━━━ Exercise data
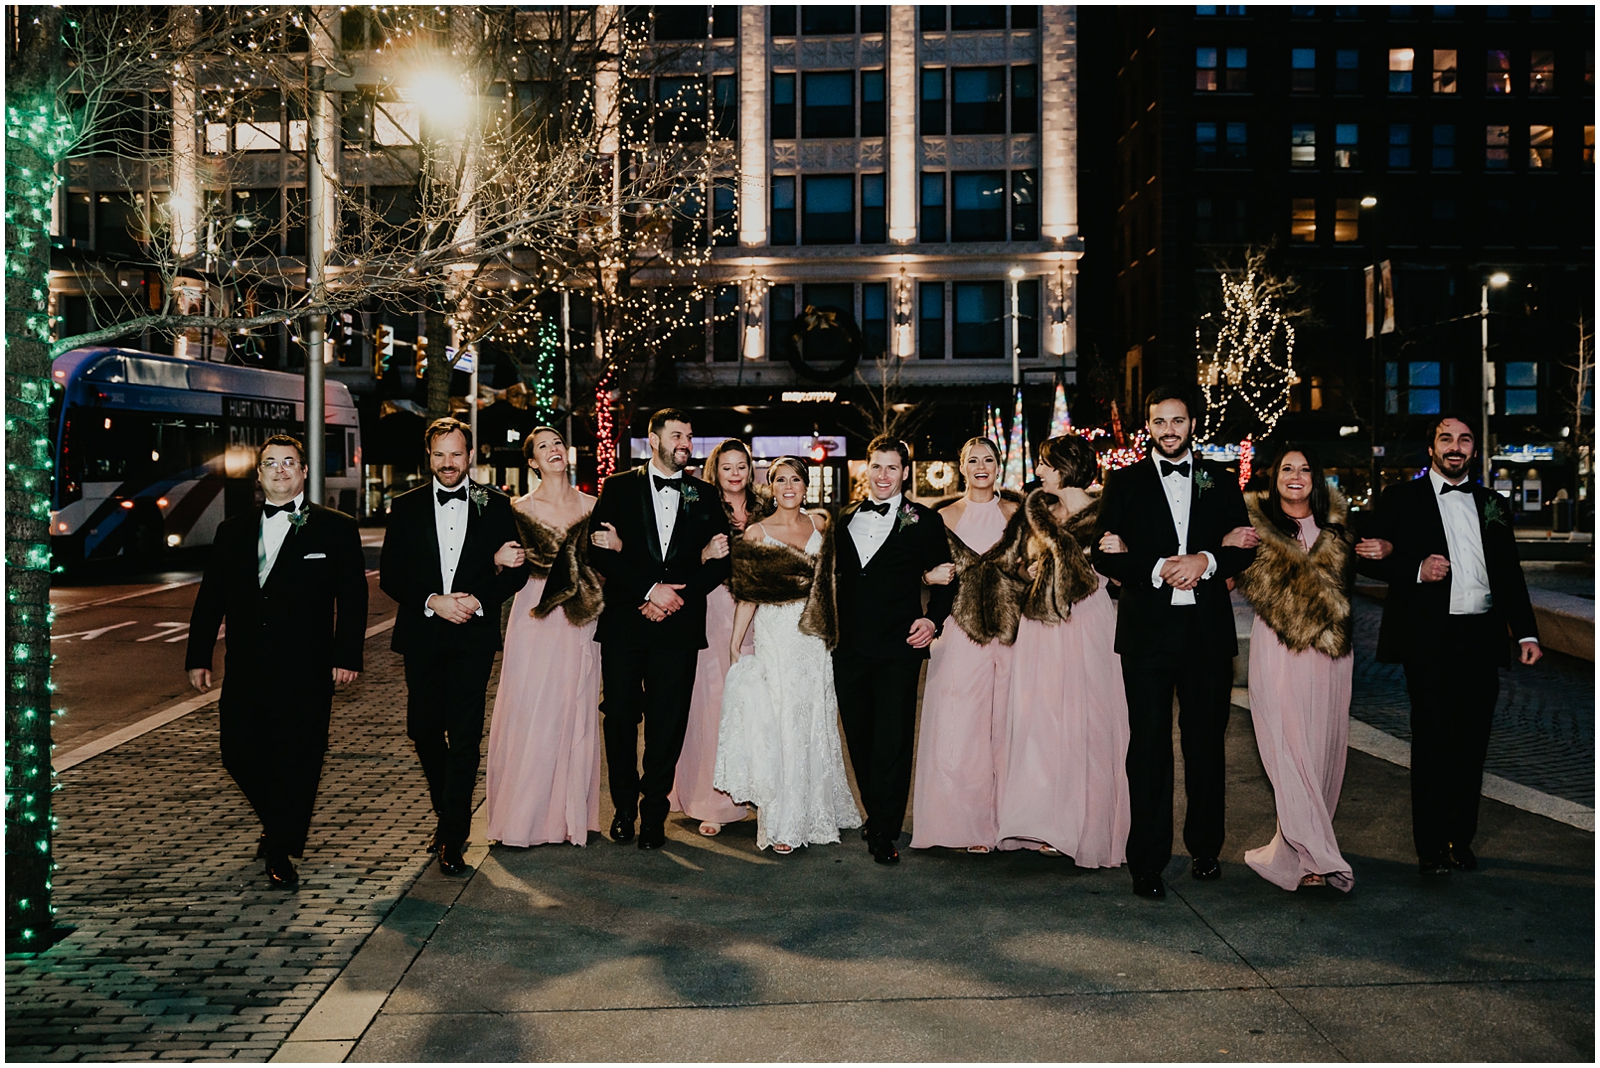 Bridal Party Portraits with Christmas Lights
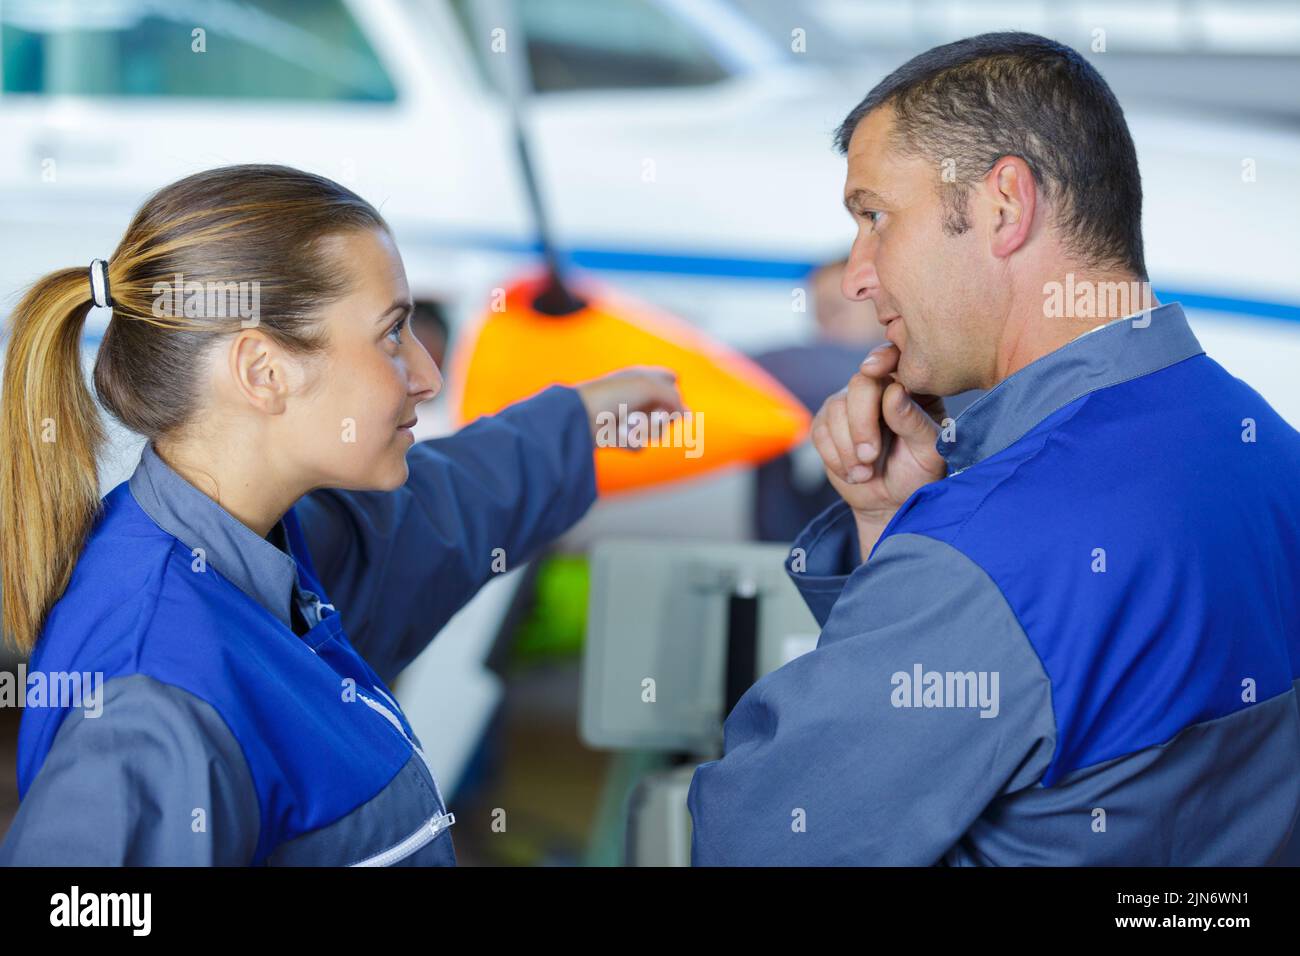 man and woman discuss repairs Stock Photo
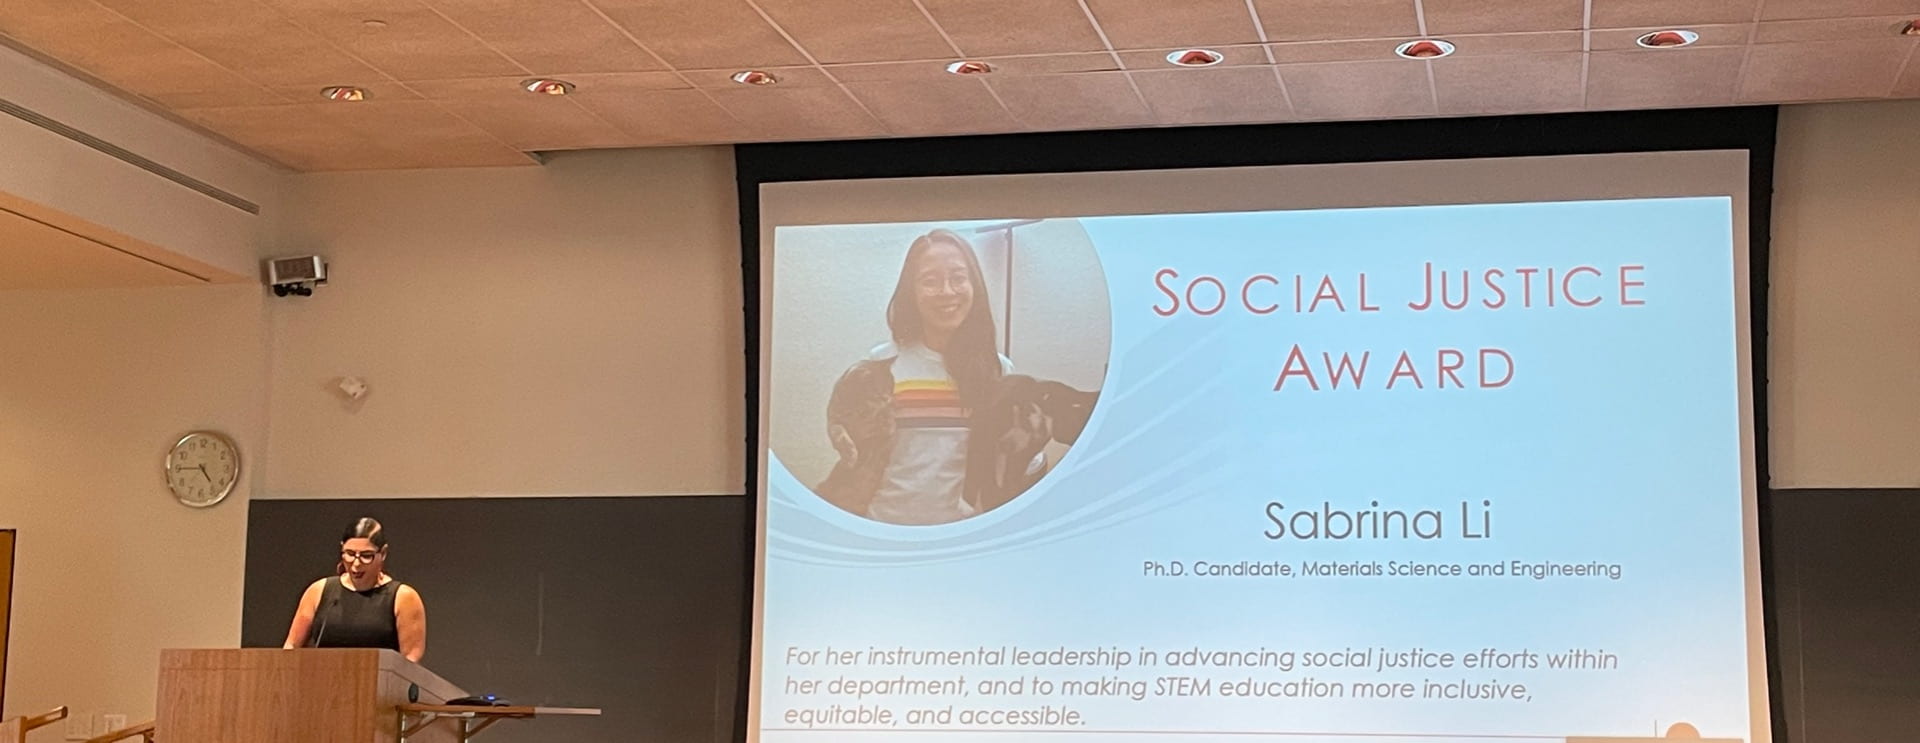 Associate Dean for Inclusion and Student Engagement Sara Xayarath Hernández presenting a Social Justice Award to Sabrina Li (PhD Candidate, Materials Science and Engineering) at the 2022 Graduate Diversity and Inclusion Awards & Recognition Celebration.
━━━━━━
Exclude every picture and restate the listing word for word.

 Bridal Party Portraits with Christmas Lights
 man and woman discuss repairs Stock Photo
 Associate Dean for Inclusion and Student Engagement Sara Xayarath Hernández presenting a Social Justice Award to Sabrina Li (PhD Candidate, Materials Science and Engineering) at the 2022 Graduate Diversity and Inclusion Awards & Recognition Celebration.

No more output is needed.